TASK TO CARRY OUT:
Repeat every line of the data exactly, but not the pictures.

DATA SEGMENT:
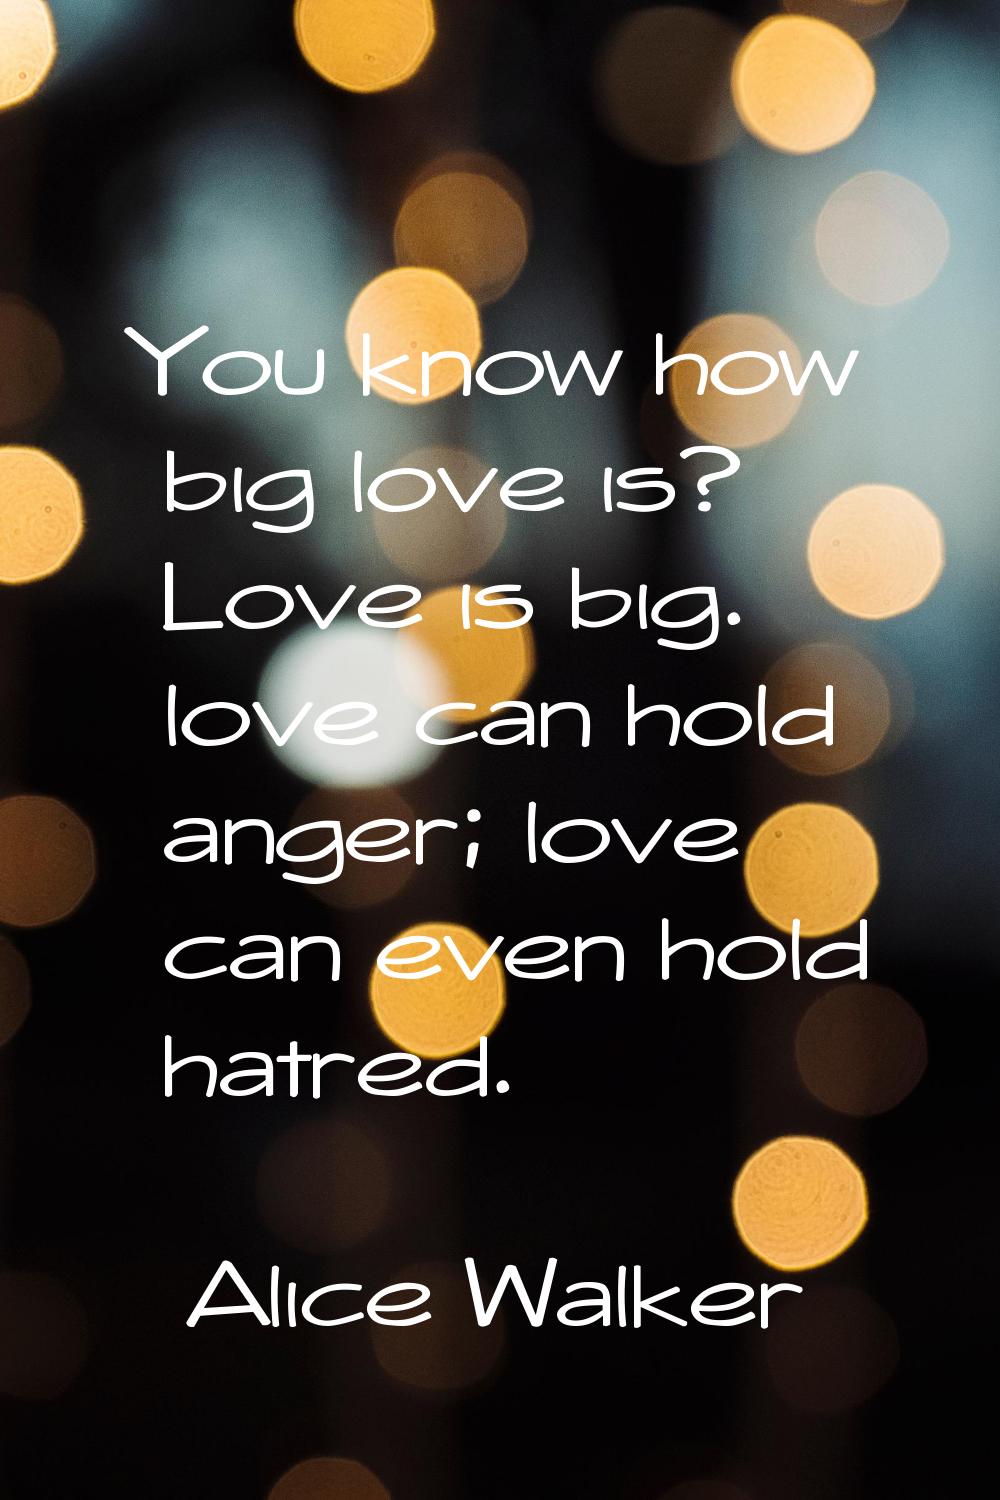 You know how big love is? Love is big. love can hold anger; love can even hold hatred.
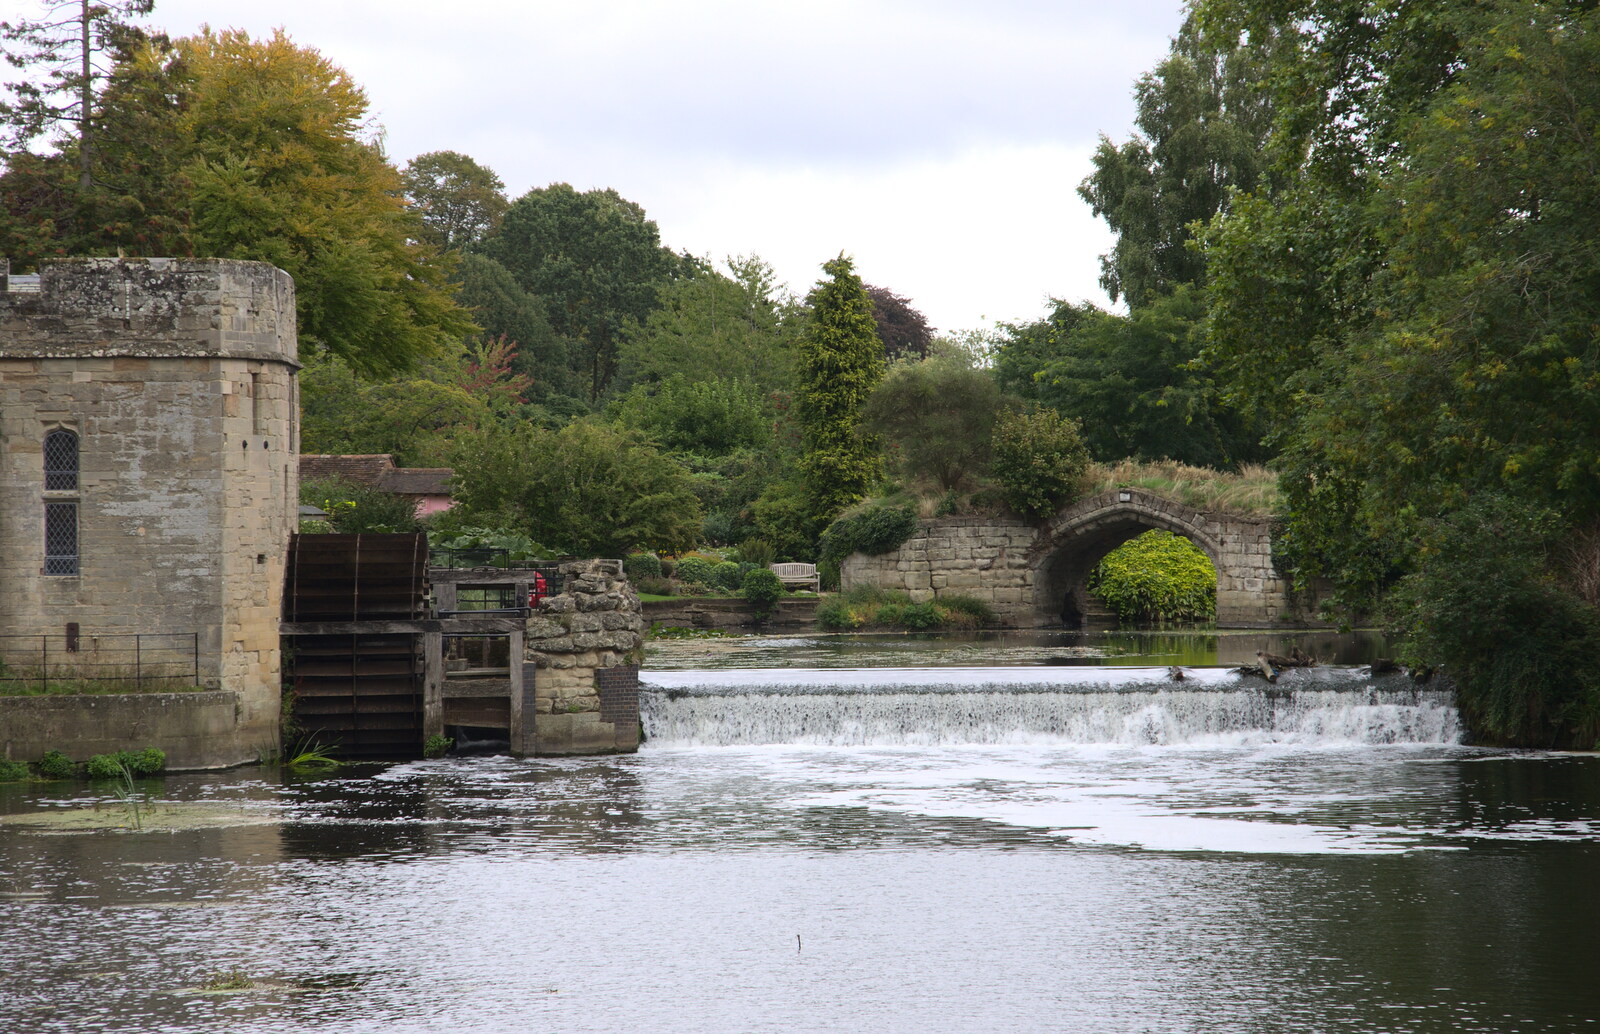 A weir from A Day at Warwick Castle, Warwickshire - 8th September 2018
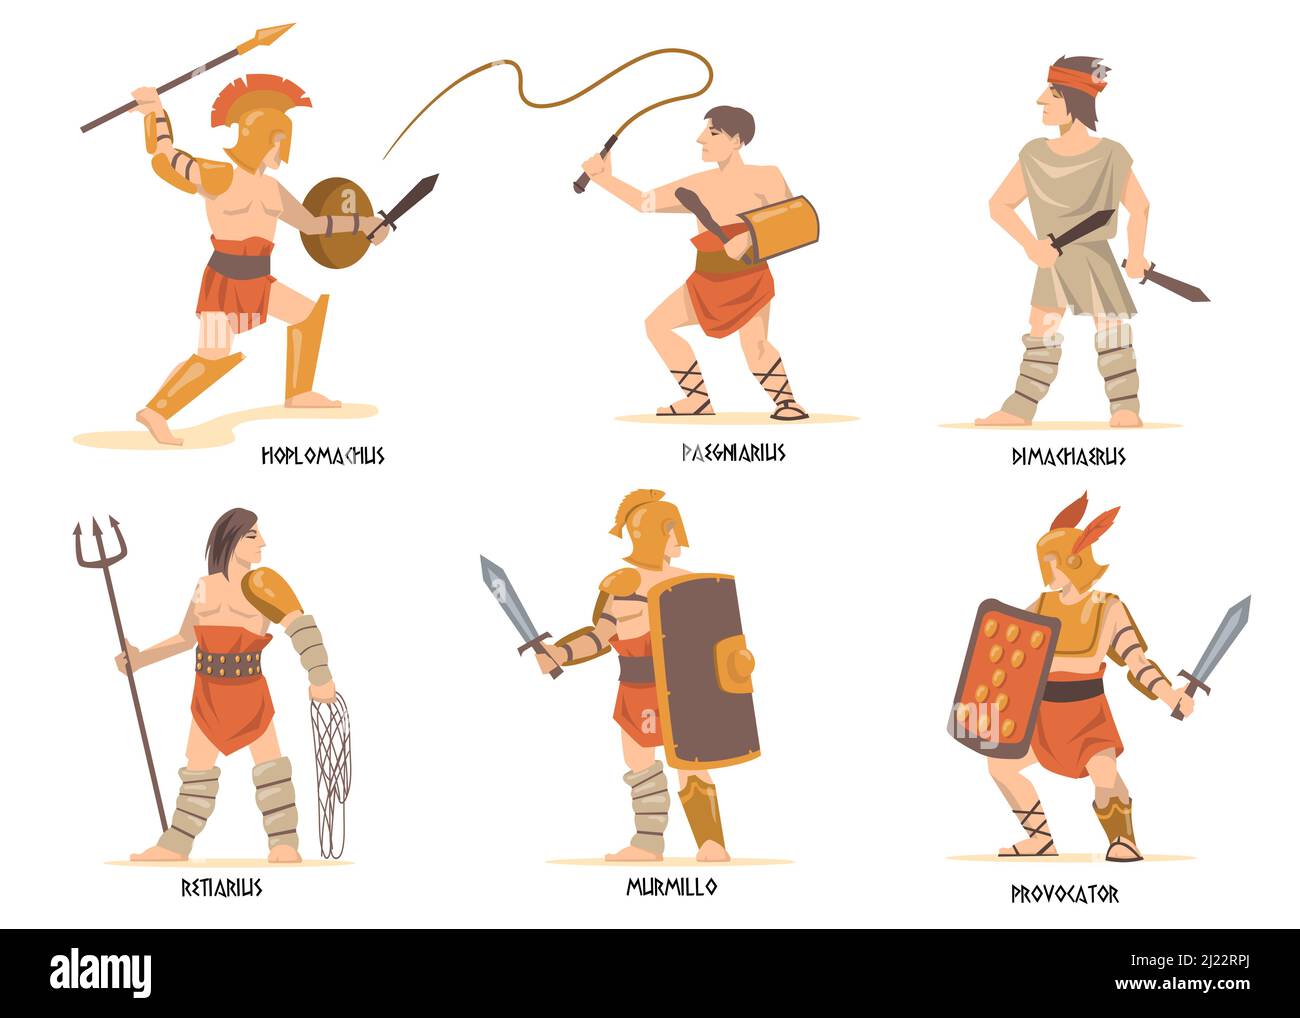 Gladiators characters set. Ancient Roman and Greek warriors, mythology characters, Spartan soldiers with swords and shields. Vector illustration for h Stock Vector

WRITTEN REPLY:
 You know how big love is? Love is big. love can hold anger; love can even hold hatred.
 A weir from A Day at Warwick Castle, Warwickshire - 8th September 2018
 Gladiators characters set. Ancient Roman and Greek warriors, mythology characters, Spartan soldiers with swords and shields. Vector illustration for h Stock Vector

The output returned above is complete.